# Video Added to Nav Screen..Cheaper!



## CWolfey (Apr 1, 2003)

I wanted to pass along some valuble information.
You are able to add video to your factory nav screen without using expensive alternatives.  
The part is made by Peripheral Model #PNVI plus the proper vehicle harness which is PNVH02 for BMW. I just finished testing mine temporarily with a backup camera to see it in fact works and it does, as with the others you still need to use a FM modulator or the Aux input for audio which is easy also. It comes with a cable that connects inline with the harness already connected in the back of the nav unit. The price should be about $300-$400 but maybe cheaper

I have included pics of the unit working and the part itself
Here is the description from the website:
Link>Peripheral 
PNVI:
Dual Video Input for factory navigation displays

Designed to allow up to two independent video sources to be viewed on the factory navigation display. High quality video inputs can be selected using the external control pad. When used with a backup camera, the PNVI will automatically switch the display to the rear camera input when the vehicle is shifted into reverse. The PNVI is a single programmable interface that uses vehicle specific harnesses to integrate video into Acura, Audi, BMW, GM, Honda, Infiniti, LandRover, Nissan, Toyota and VW's with OEM navigation displays.

• Programmable interface 
• Supports Two Video inputs with use of external control pad 
• Utilizes Vehicle specific harness - Sold separately 
• Automatically switches to Rear camera when vehicle is in Reverse


----------



## itznin (Jun 7, 2005)

CWolfey said:


> I wanted to pass along some valuble information.
> You are able to add video to your factory nav screen without using expensive alternatives.
> The part is made by Peripheral Model #PNVI plus the proper vehicle harness which is PNVH02 for BMW. I just finished testing mine temporarily with a backup camera to see it in fact works and it does, as with the others you still need to use a FM modulator or the Aux input for audio which is easy also.

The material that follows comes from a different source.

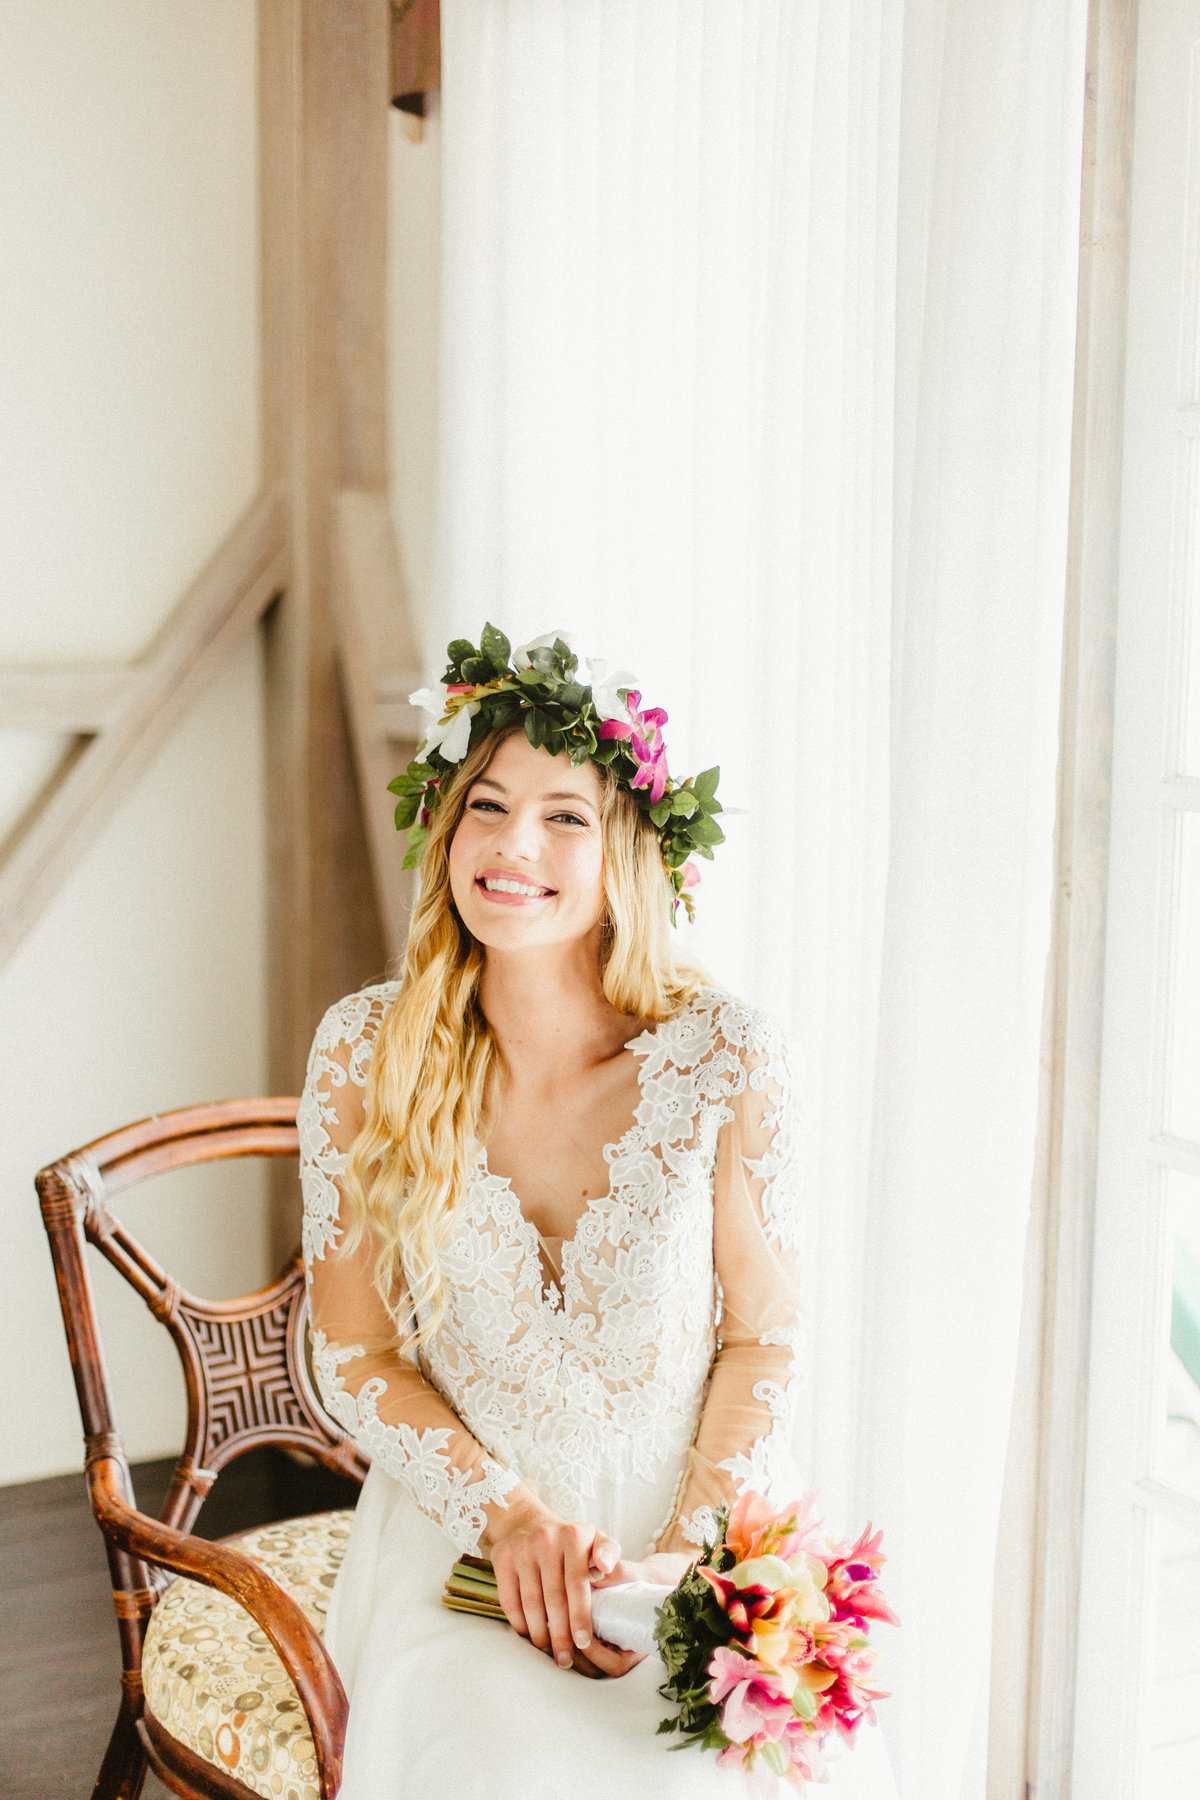 Candace Nicole Photography | Maryland Wedding & Portrait Photographer
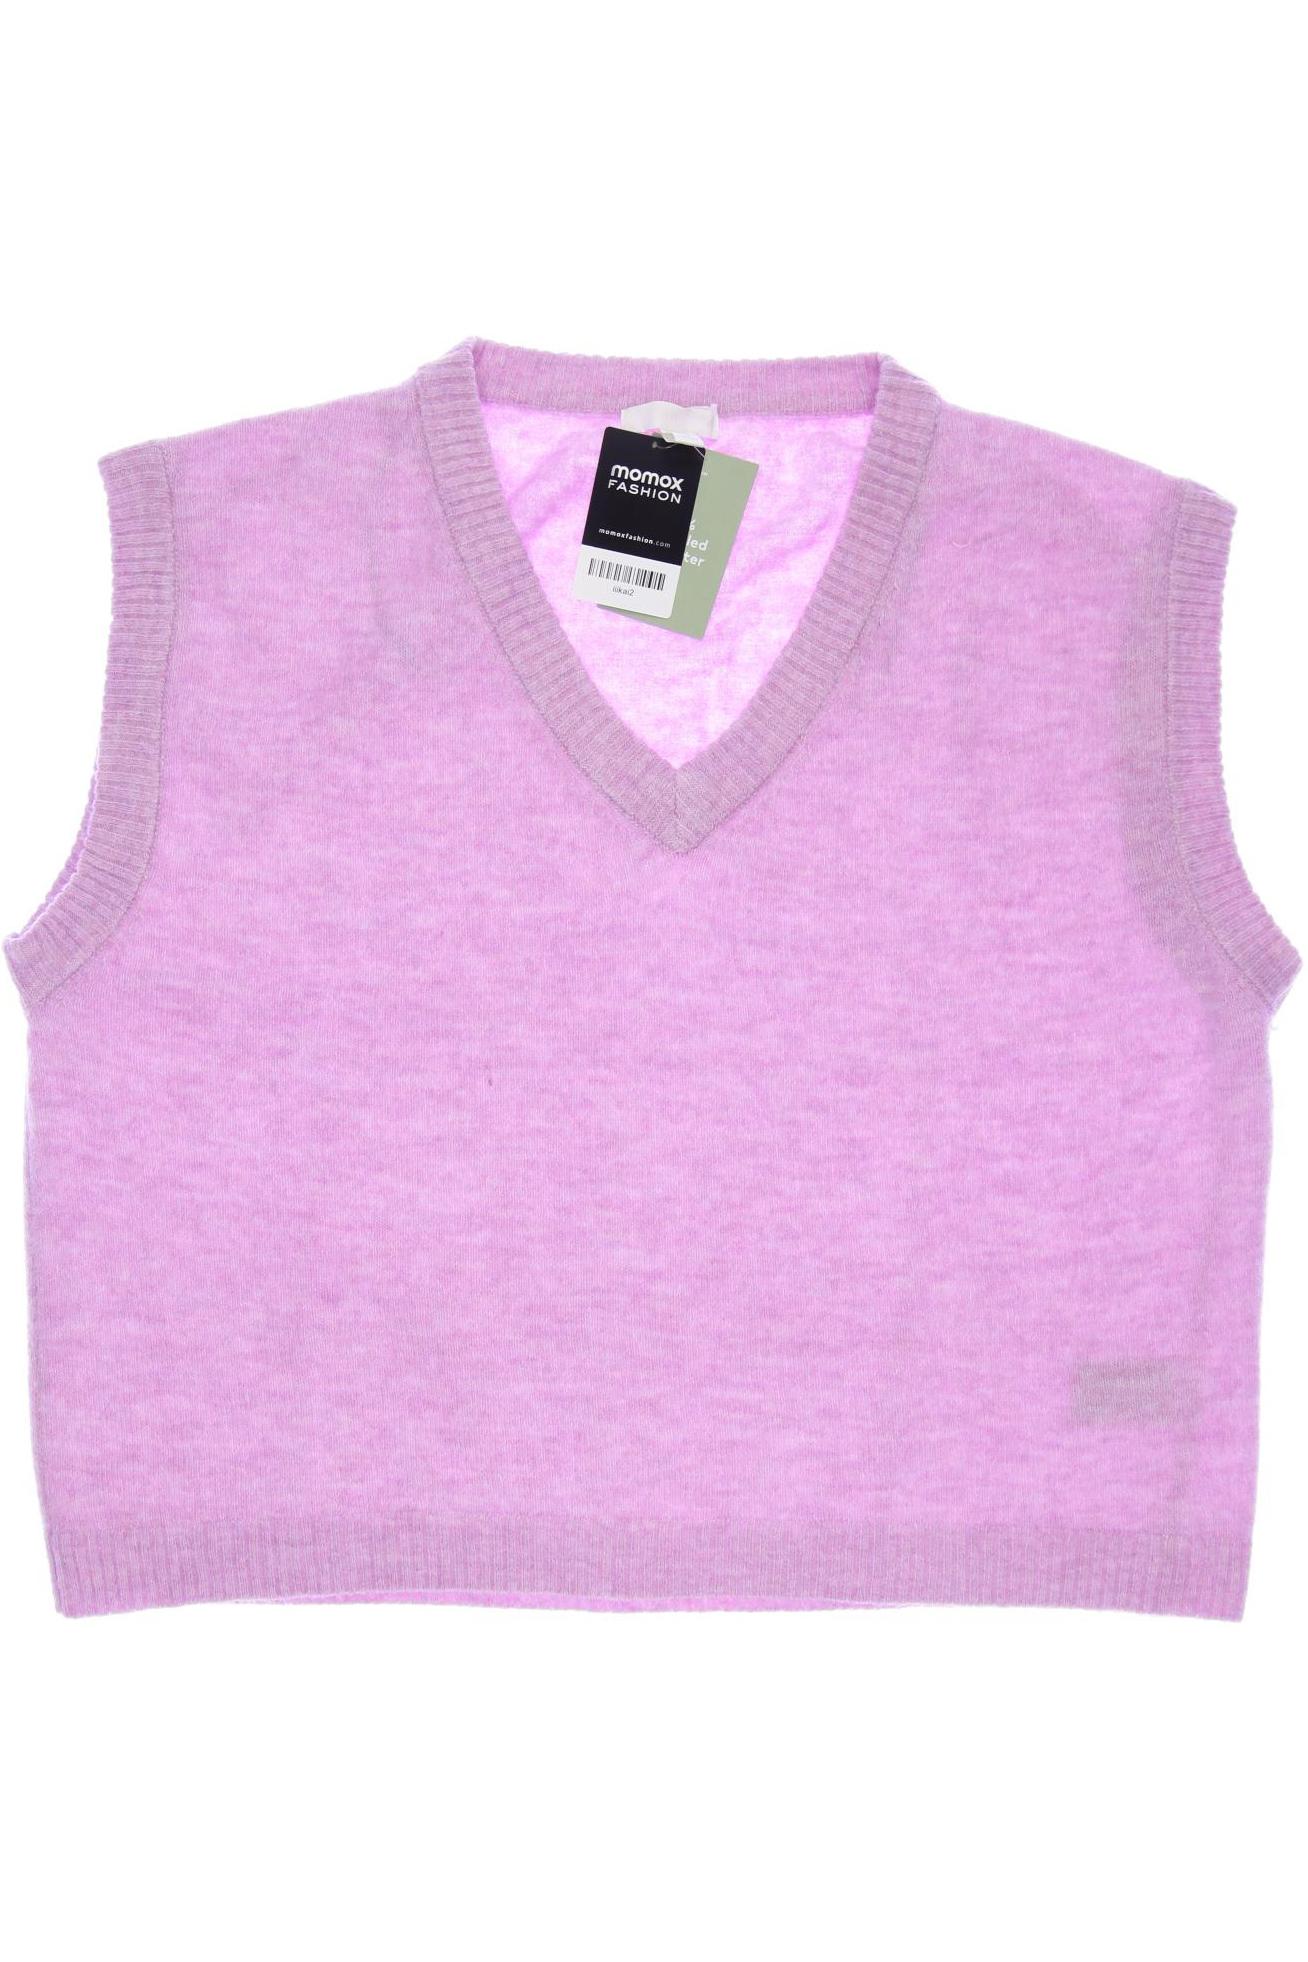 H&M Damen Pullover, pink, Gr. 38 von H&M

It comes with a cable that connects inline with the harness already connected in the back of the nav unit. The price should be about $300-$400 but maybe cheaper
> 
> ...


Any clue if it's available for IDrive/NAV?


----------



## CWolfey (Apr 1, 2003)

It looks like the chart, right now only for vehicles with the trunk mounted nav, whats odd is that they list 2004 7 series.. dont they all have I-drive?? and the 5 series too.


----------



## chivas (Aug 31, 2002)

sweet!!!!

where did you get yours from? like to add this since i do have a DVD player sitting around.


----------



## CWolfey (Apr 1, 2003)

I was able to purchase it directly from Peripheral, I will find out the price, maybe I can get a group buy going or something, I will post the details asap.


----------